Monohardi () is a reputed upazila of Narsingdi District in the Division of Dhaka, Bangladesh.

Geography
Monohardi is located at . It has 47397 households and total area 193.87 km2.

This upazila is located near the Brahmaputra river. According to Banglapedia Monohardi is bounded by pakundia and katiadi upazilas on the north, shibpur upazila on the south, Belabo and Katiadi upazilas on the east, Kapasia upazila on the west.

Demographics
As of the 2011 Bangladesh census, Monohardi has a population of 275112. Males constitute 50.39% of the population, and females 49.61%. This Upazila's eighteen up population is 122359. Monohardi has an average literacy rate of 27.3% (7+ years), and the national average of 32.4% literate. According to Banglapedia, there are 1 municipality, 11 unions and 170 villages in this Upazila.

Administration
Monohardi Upazila is divided into Monohardi Municipality and 11 union parishads: Barachapa, Chalakchar, Chandanbari, Charmandalia, Daulatpur, Ekduaria, Gotashia, Kanchikata, Khidirpur, Lebutala, and Shukundi. The union parishads are subdivided into 119 mauzas and 165 villages.

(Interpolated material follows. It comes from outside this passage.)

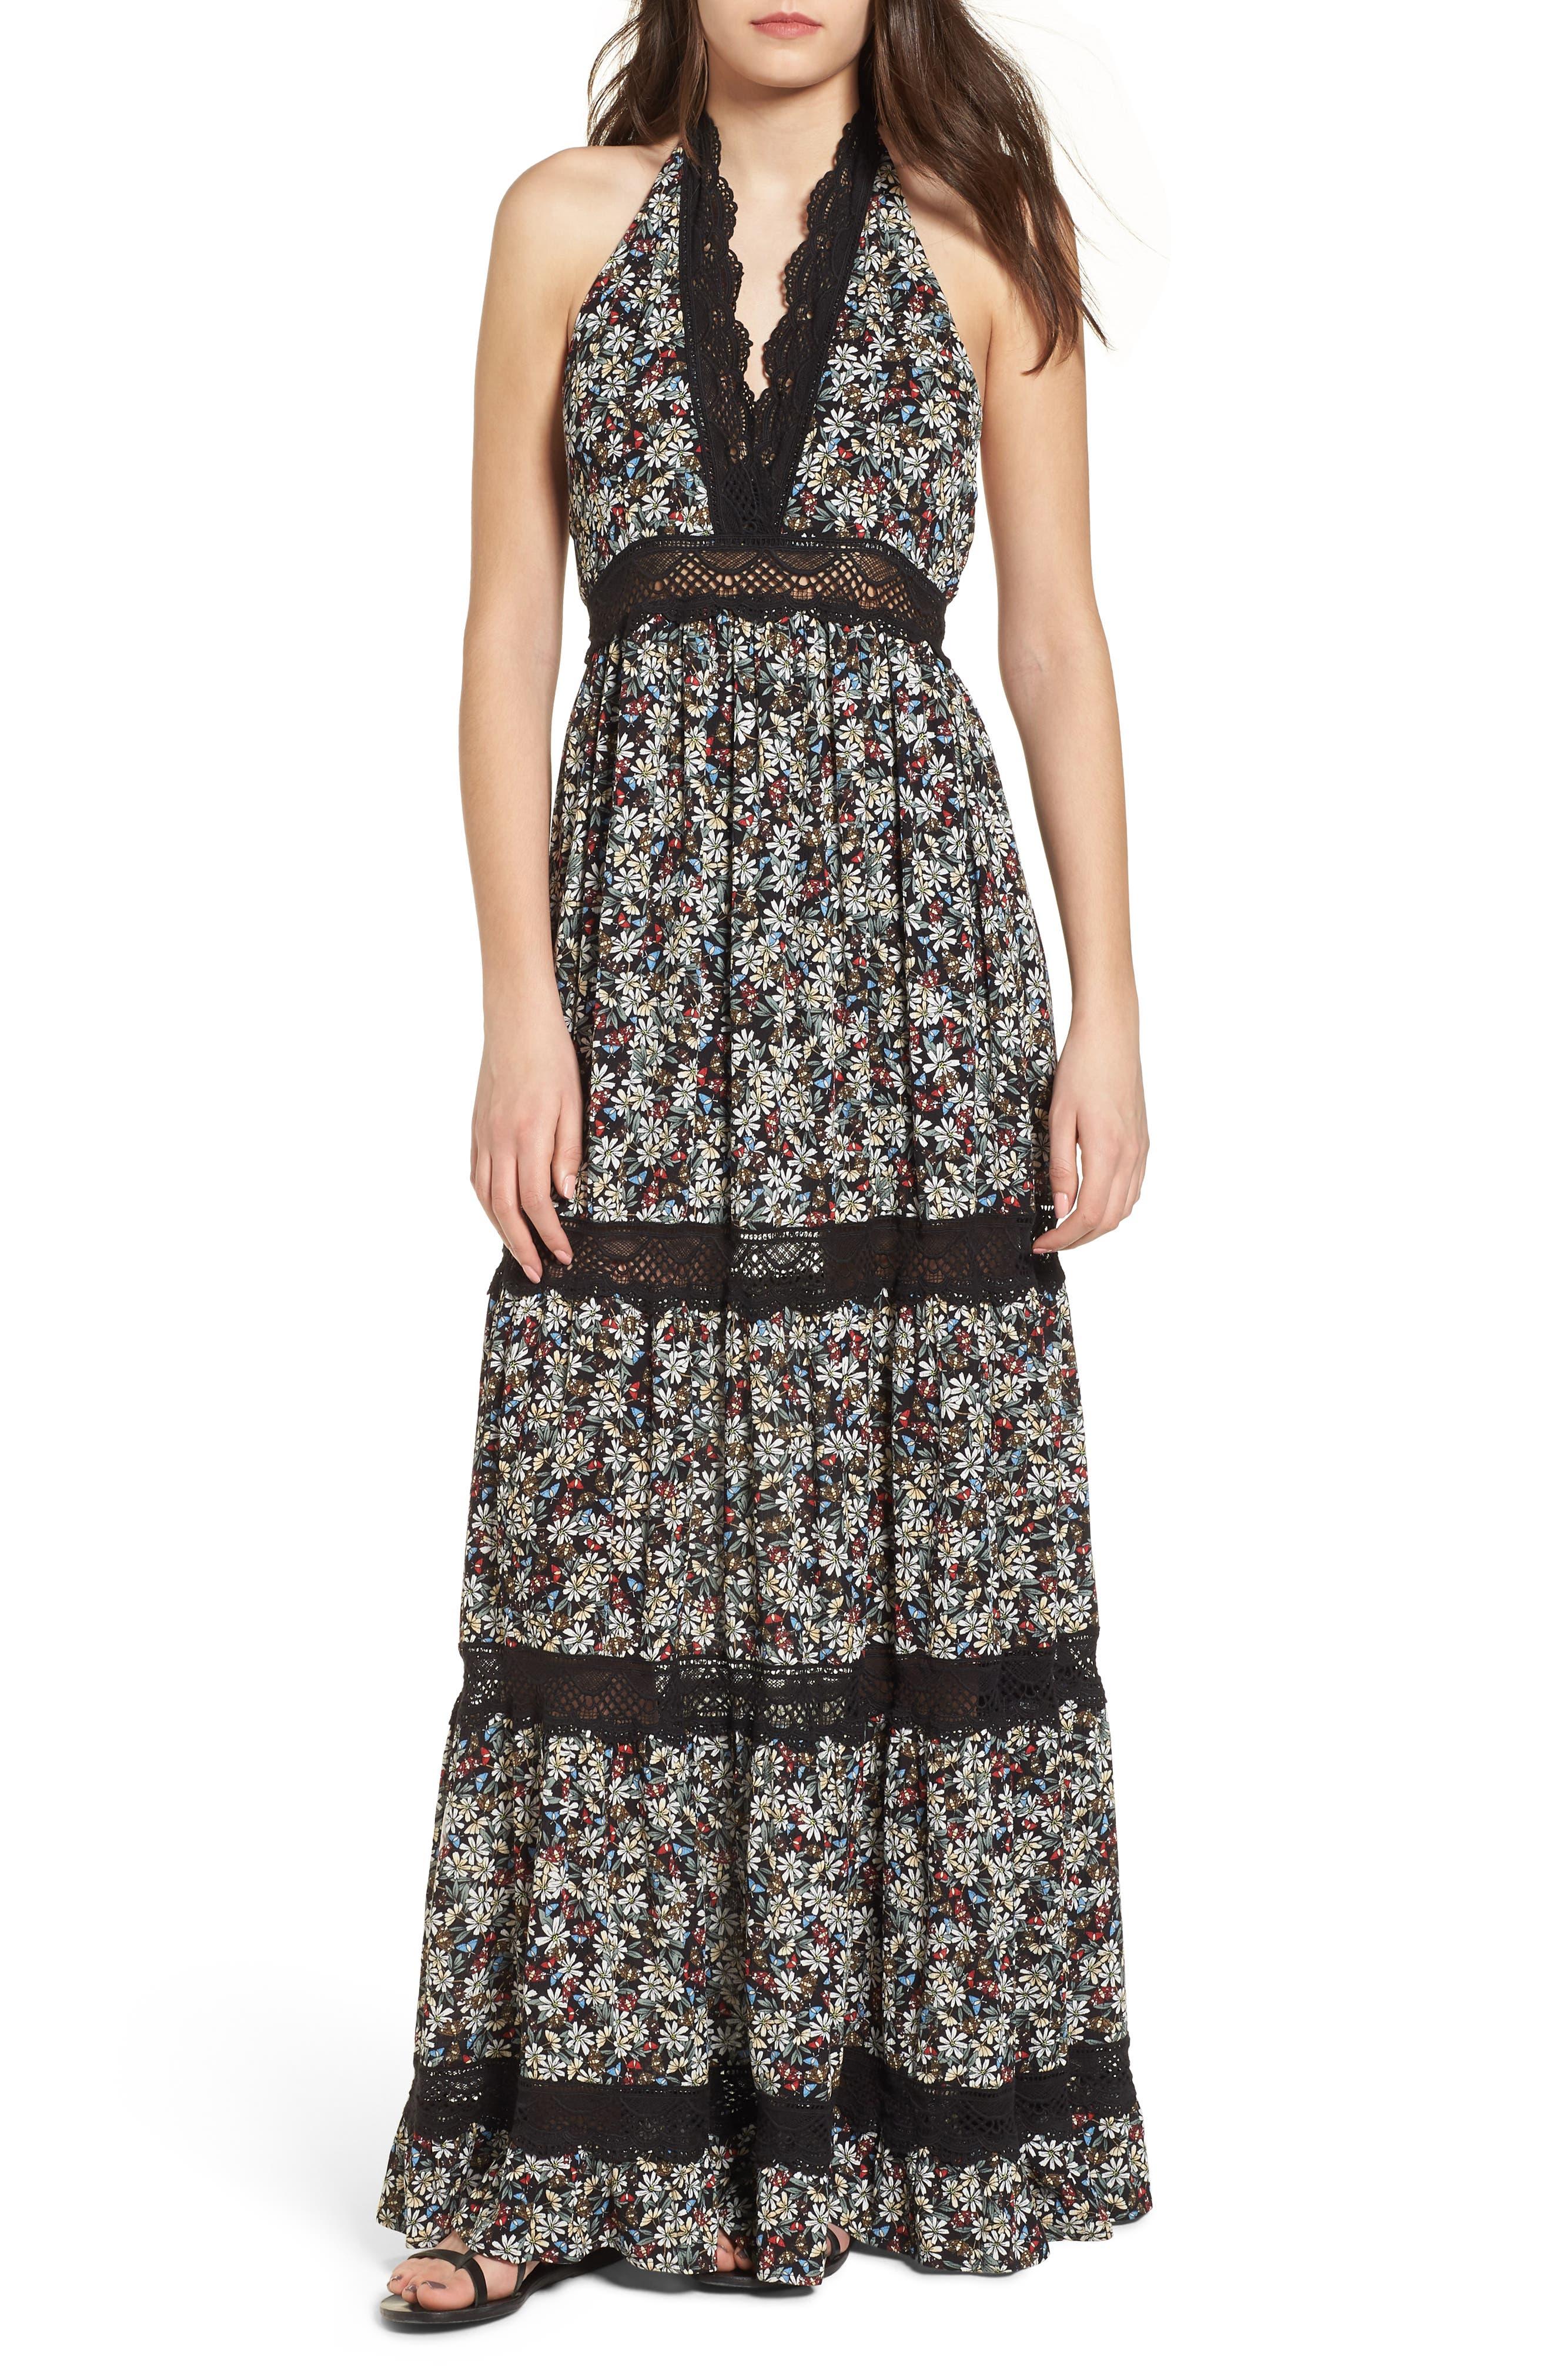 Flora Halter Neck Maxi Dress,                             Main thumbnail 1, color,                             Multi Black

Monohardi Municipality is subdivided into 9 wards and 12 mahallas.

Education

There are eight colleges in the upazila: Afazuddin Khan Mohila College, Barachapa Moha Biddalay, Barachapa Union Adarsha Degree College, Hatirdia Raziuddin College, Khidirpur College, Monohardi Degree College, Panch Kandi Degree College, and Sarder Asmat Ali Mohila College.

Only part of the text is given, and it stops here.